Feeling betrayed, rioters turn on Trump ahead of impeachment trial

·4-min read

The lawyer for an Arizona man who took part in the insurrection at the US Capitol while sporting face paint, no shirt and a furry hat with horns is offering to have his client testify at former President Donald Trump’s upcoming impeachment trial.

Lawyer Albert Watkins said he hasn’t spoken to any member in the Senate since announcing his offer to have Jacob Chansley testify at Trump’s trial, which is scheduled to begin the week of February 8.

Watkins said it’s important for senators to hear the voice of someone who was incited by Trump.

The lawyer said his client was previously “horrendously smitten” by Trump but now feels let down after Trump’s refusal to grant Chansley and others who participated in the insurrection a pardon.

“He felt like he was betrayed by the president,” Watkins said.

Egged on by the outgoing president, some Trump fans now languish in jail. Source: Getty
Egged on by the outgoing president, some Trump fans now languish in jail. Source: Getty

The words of Trump supporters who are accused of participating in the riot may end up being used against him in the impeachment trial. Chansley and at least four others people who are facing federal charges stemming from the riot have suggested they were taking orders from Trump.

Chansley hasn’t yet entered a plea to charges of civil disorder, obstruction of an official proceeding, disorderly conduct in a restricted building, demonstrating in a Capitol building and other counts. He was scheduled to be arraigned Friday (local time) in Washington.

In successfully seeking his detention until trial, prosecutors said Chansley went into the Capitol carrying a US flag attached to a wooden pole topped with a spear, ignored an officer’s commands to leave, went into the Senate chamber and wrote a threatening note to then-Vice President Mike Pence.

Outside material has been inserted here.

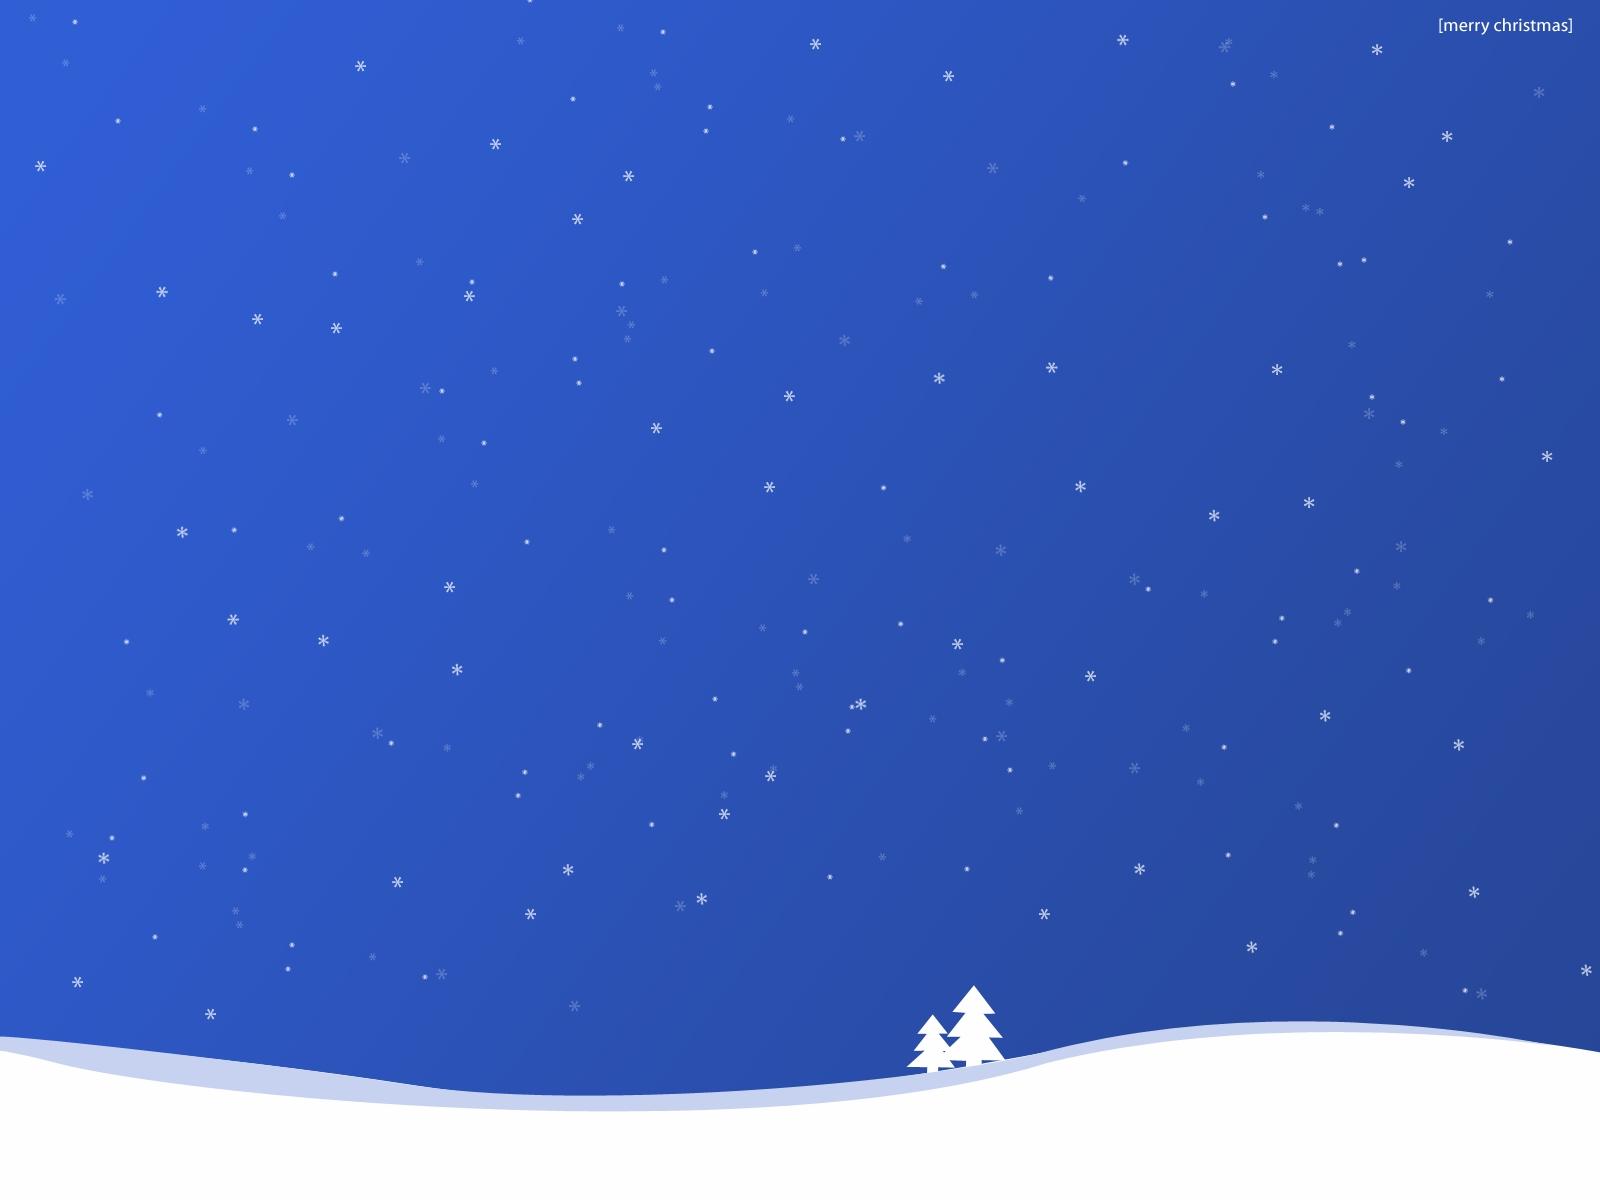 Free Snowy Christmas Desktop Wallpapers Www

Chansley, who calls himself the “QAnon Shaman” and has long been a fixture at Trump rallies, told investigators he came to the Capitol “at the request of the president that all ‘patriots’ come to DC on January 6,” according to court records.

Other supporters who stormed the capitol building on Trump’s behalf have since turned on the president. Facing serious federal charges, their defence effectively boils down to: “Trump made me do it.”

Garrett Miller, arrested over his involvement in the siege, laid the blame at Trump’s feet for his unrelenting election lies.

“I was in Washington DC on January 6, 2021, because I believed I was following the instructions of former President Trump and he was my president and the commander-in-chief, he said in a statement released by his lawyer.

“His statements also had me believing the election was stolen from him.”

Legal experts have called the defence “desperate” and legally invalid.

Donald Trump has added two more former federal prosecutors from South Carolina to his impeachment legal team as he bulks up his defence team ahead of Monday week.

In fight over GOP, state parties stand as firewall for Trump

Donald Trump has mused about forming a third party. But it’s unclear why he even needs one.

State and county Republican Party committees have rushed to Trump’s defense — highlighting the former president’s firm control of the GOP machinery.

In swing states and GOP bastions, state and local Republican committees are stocked with Trump supporters who remain loyal. Trump critics have been pushed out or marginalised. Party committees from Washington state to South Carolina have moved to punish many of the 10 House Republicans who supported Trump’s impeachment.

Trump’s lock on the party apparatus is the result of a yearslong takeover of an institution he only loosely affiliated with before taking office. The effect amounts to a firewall protecting him and his far-right, nationalist politics from Republicans who argue the party needs a new direction if it wants to win elections.

“It’s come to the point where you have to be with him 100 percent of the time, or you’re the enemy,” said Dave Millage, a former Iowa lawmaker who was pushed out as Scott County GOP chairman after calling for Trump’s impeachment.

On Saturday, the South Carolina GOP will decide whether to censure Republican Rep. Tom Rice for his vote to impeach the former president. It’s a move meant to scar the five-term congressman for what many of his constituents considered a betrayal, said GOP chairwoman Dreama Perdue.

In some cases, the state parties’ defence of Trump has exposed the extent to which disinformation, conspiracy theories and views once considered fringe have been normalised in the Republican party.